Figure 5 Flavodoxin and ferredoxin electron transfer kinetics with photosystem I (A), FNR (B) and CYP2A_B49 (C), and CYP2A_B49 + FNR competition assay (D). (A) Kinetics of electron transfer from photosystem I to redox partners, measured by redox partner mediated cytochrome c reduction using isolated thylakoid membranes supplemented with varying concentrations of redox partners. (B) NADPH-dependent reduction of electron carrier proteins by FNR, measured by redox partner mediated cytochrome c reduction. (C) kinetics of photosynthesis-driven coumarin hydroxylation by CYP2A_B49 in isolated thylakoid membranes in the presence of different redox partners. D, comparison of coumarin hydroxylation rates from CYP2A_B49 with 10 µM redox partner in the presence or absence of 0.6 µM FNR and 1.6 mM NADP⁺. Plots show mean rates measured from three (A, D) or four (B, C) technical replicates with error bars indicating ± SD, as well as corresponding Michaelis-Menten fits (A–C).

TABLE 2

Table 2 Average Michaelis-Menten parameters ( ± SD) of electron transfer reactions between photosystem I, FNR and CYP2A_B49 using the electron carrier proteins tested in this study.

Discussion

A chloroplast targeted indican biosynthesis pathway is functional in tobacco

In this study we demonstrate expression and targeting of three human P450s to chloroplasts in tobacco (Figure 1) and investigate their light-dependent conversion of indole to the indigo precursor indican. Two of these P450s are natural human P450s, and the third a variant generated by DNA shuffling of three CYP2A isoforms. Functional expression of a mutant of human CYP2A6 targeted to chloroplast in tobacco was already demonstrated previously (Fräbel et al., 2018). While we did not control for differential accumulation of the three P450s compared, our results were generally in line with previous CYP2A6-CYP2E1 comparisons (Gillam et al., 1999; Warzecha et al., 2007).
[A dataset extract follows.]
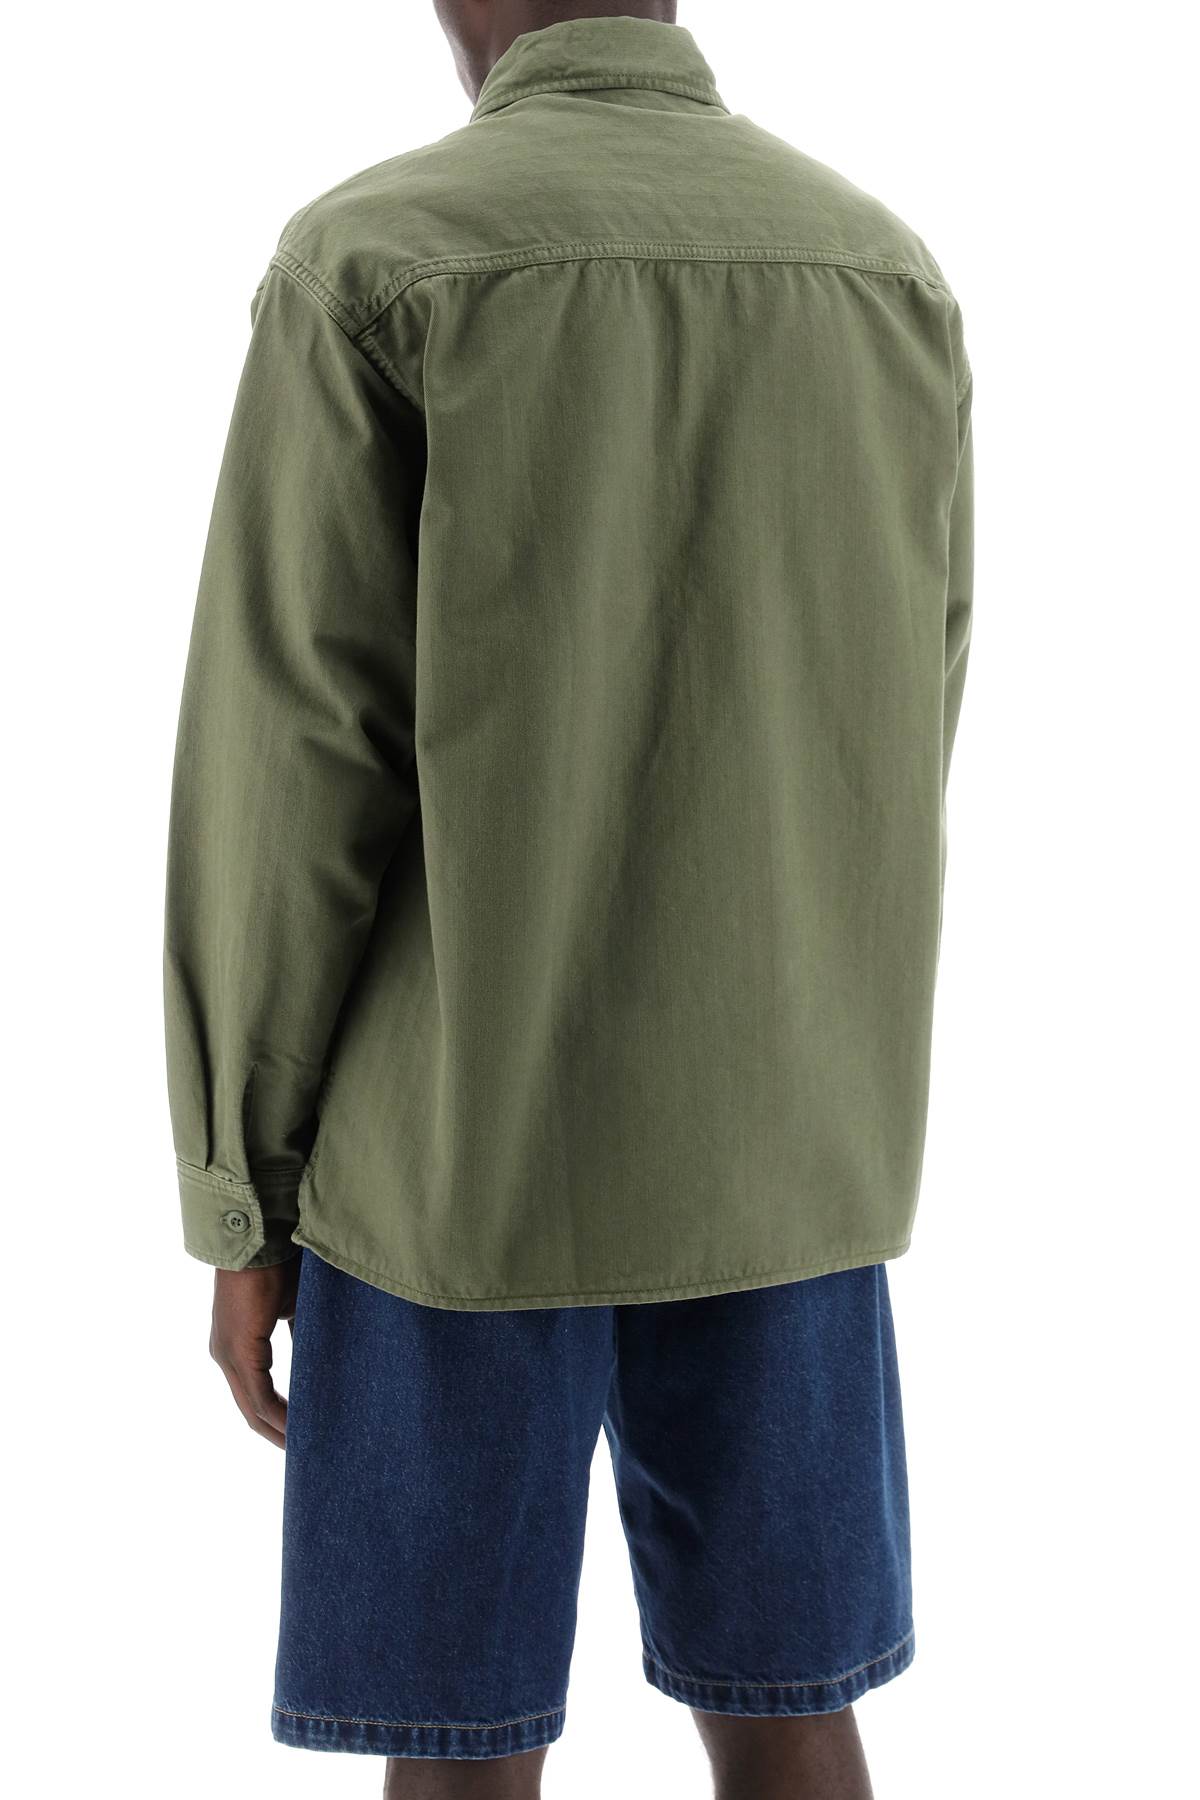 Carhartt wip rainer overshirt shirt-2
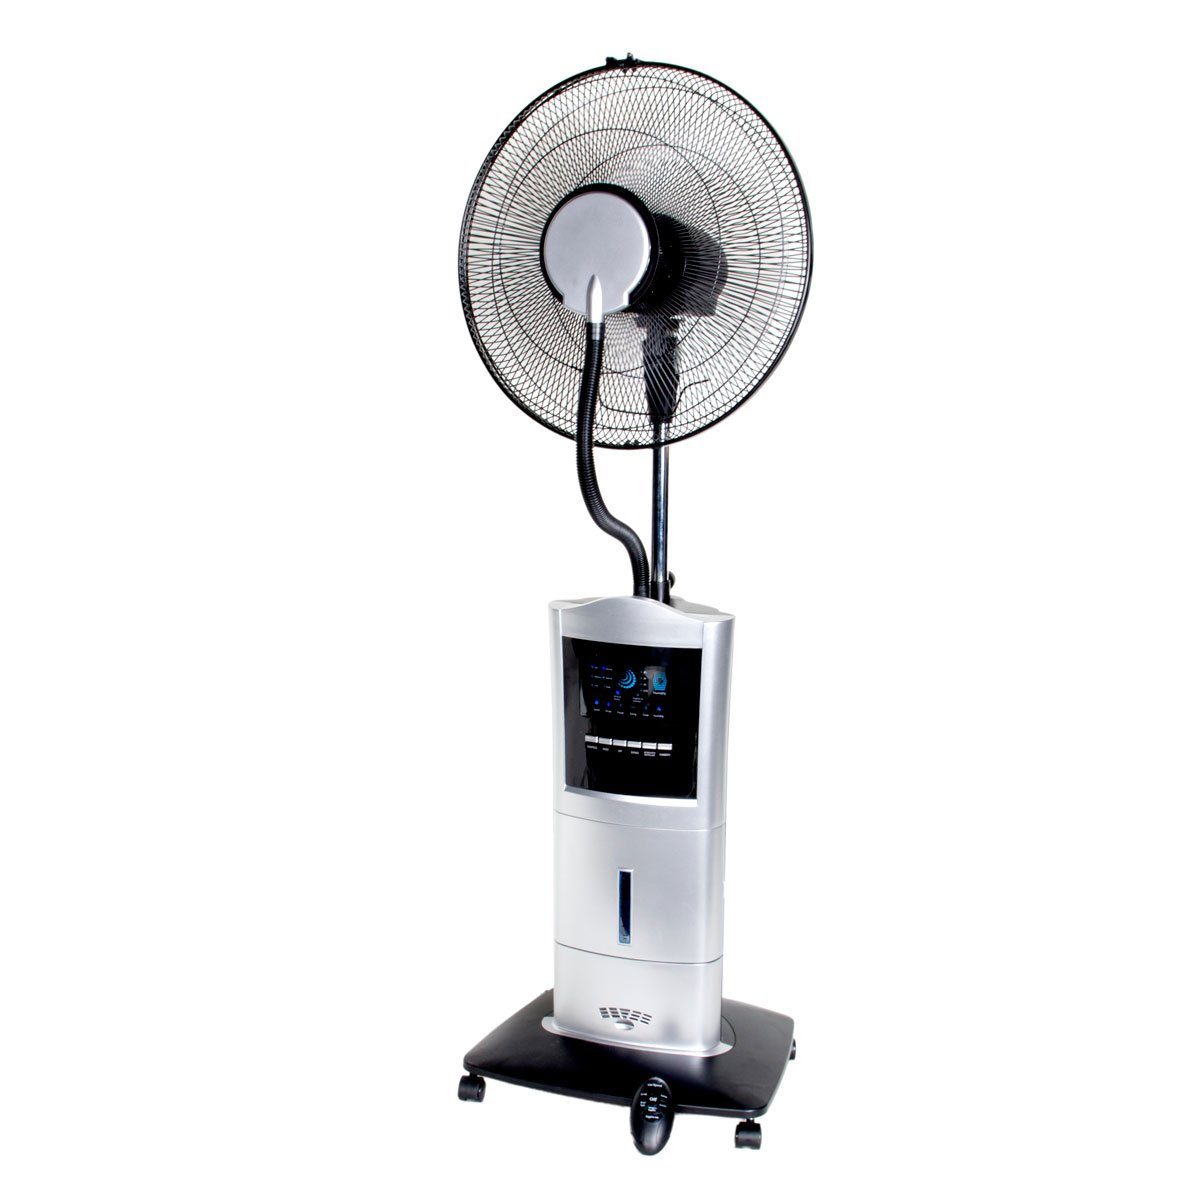 BRAST Standventilator Ventilator mit Sprühnebel Luftbefeuchter Anti-Mücken Funktion

The present study underscores the applicability of the strategy and shows that photosynthesis can be used widely to drive P450 activity without co-expression of a dedicated reductase, because endogenous ferredoxin delivers reducing power to P450 enzymes with very high efficiency (Figure 5, Table 2). Stable expression of CYP2A6 with maize BX1 yielded 0.95 mg g_DW^-1 in 3–4-week-old plants (Warzecha et al., 2007), and was subsequently developed further by introducing bacterial tryptophan halogenases, which allowed synthesis of chloroindican at high yields (0.93 mg g_DW^-1) in a transient expression system (Fräbel et al., 2018). The titers reported here (~0.2 mg g_FW^-1) are approximately equal to that of plants stably expressing CYP2A6 (Warzecha et al., 2007) if accounting for the ~80% water content of tobacco leaf (Guo et al., 2019). This shows a remarkable ability of transient expression to produce high yields in shorter time than stable transfection. The speed and scalability of the transient expression system also makes it a valuable tool for fast turnover testing and may in some cases be preferred over stable transgenic plants for biomolecule production (Holtz et al., 2015; Schultz et al., 2019; Kaur et al., 2021). The data also shows that chloroplast targeting of the indican biosynthetic pathway is as viable a strategy as retaining the normal ER targeting of the P450. This is consistent with previous studies, which have shown that eukaryotic P450 enzymes are generally compatible with heterologous thylakoid membrane insertion (Nielsen et al., 2013; Xue et al., 2014; Gangl et al., 2015; Berepiki et al., 2016; Mellor et al., 2016; Li et al., 2019).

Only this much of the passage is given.